I just saw a cool optimization by a C compiler. This is assembly for the Freescale HCS08 series.
TST var
BEQ loc_52
CLRA
CPHX #$a601
loc_52:
STA var
One thing sticks out: the seemingly unused result of the CPHX
(status flags are overwritten later in the code, before any
conditionals). And after fixing my custom HCS08 disassembler, I
noticed loc_52 is actually in the middle of the CPHX
instruction. I double checked the instruction decoding, instruction
lengths, branch offsets. All looked good. But that 0xA601 immediate
value is interesting. Decoded, it would mean LDA #1, which makes
sense here, since it’s about to be stored in var. But no, the CLRA
and CPHX machine codes are correct…
Fast forward an hour or two, and it dawned on me how clever this is. This code inverts a boolean flag. So in C, it would be
if (var) var = 0;
else var = 1;
The straight-forward assembly code translation of this would be
TST var
BEQ loc_53
CLRA
BRA loc_55
loc_53:
LDA #1
loc_55:
STA var
Imagine we go the CLRA execution path.
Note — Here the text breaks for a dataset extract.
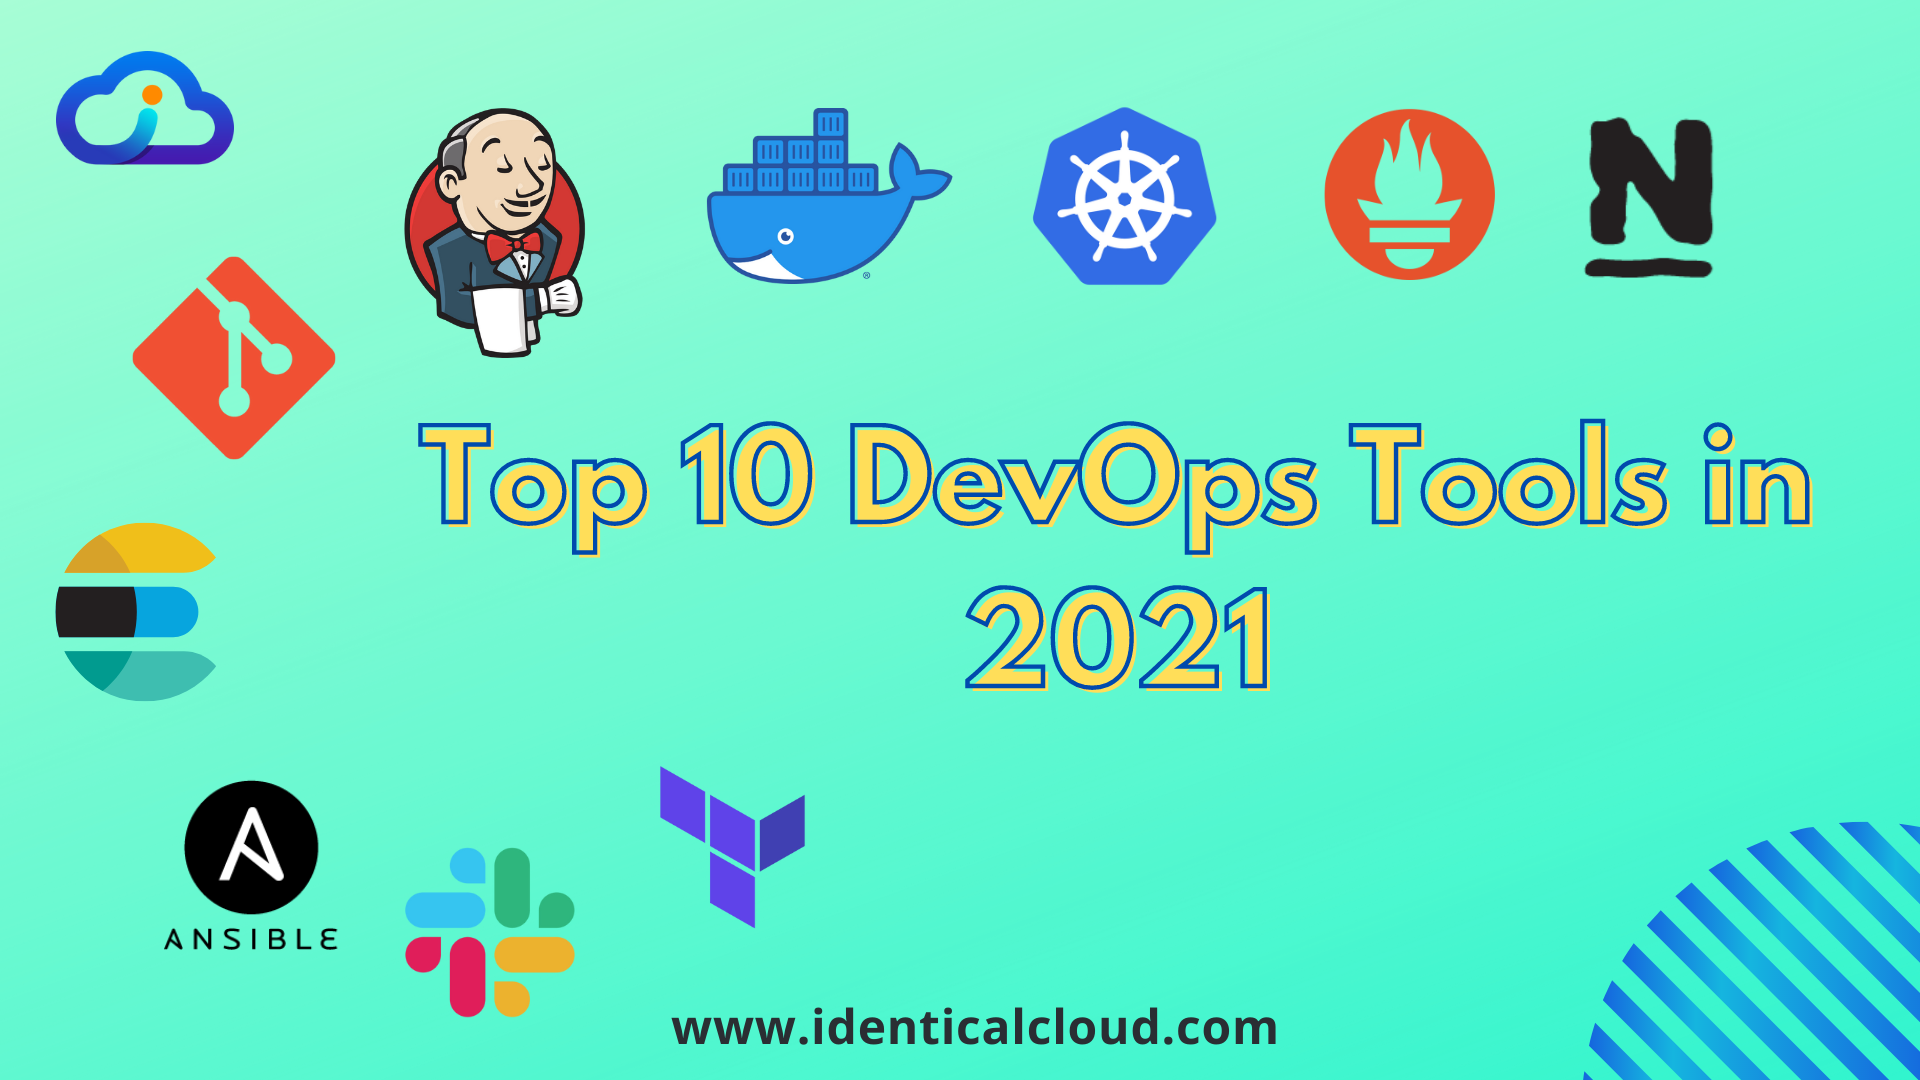 Top 10 DevOps tools in 2021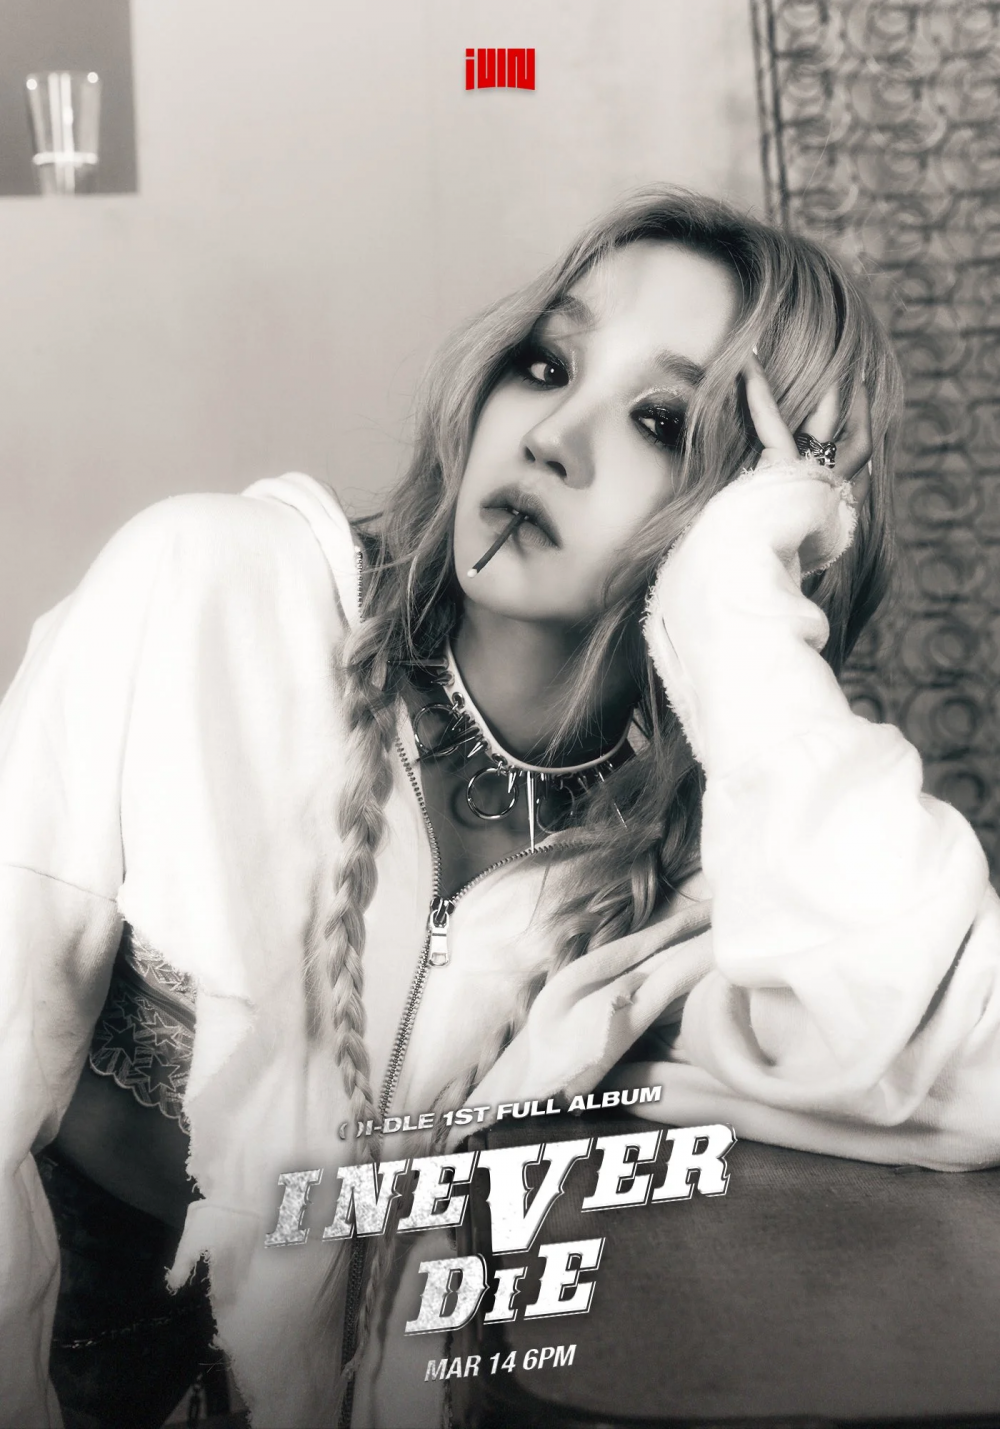 [Камбэк] (G)I-DLE альбом «I Never Die»: музыкальный клип "Never Stop Me" (лайв-версия)

Then we want to skip the
LDA instruction. HC08 doesn’t have a conditional skip or conditional
load. But what if we could make the LDA instruction not doing
anything? E.g. by turning it into a comparison operation instead of a
load. That means one byte overhead instead of the branche’s two. Saved
a byte, in every !a expression.
So CPHX is used for two-byte instructions. I don’t think HC08 has
instructions with three bytes arguments, so the trick wouldn’t work
for longer instructions. In the code I’m reverse engineering, I
haven’t found any one-byte instructions being disabled using the same
technique.
Cute.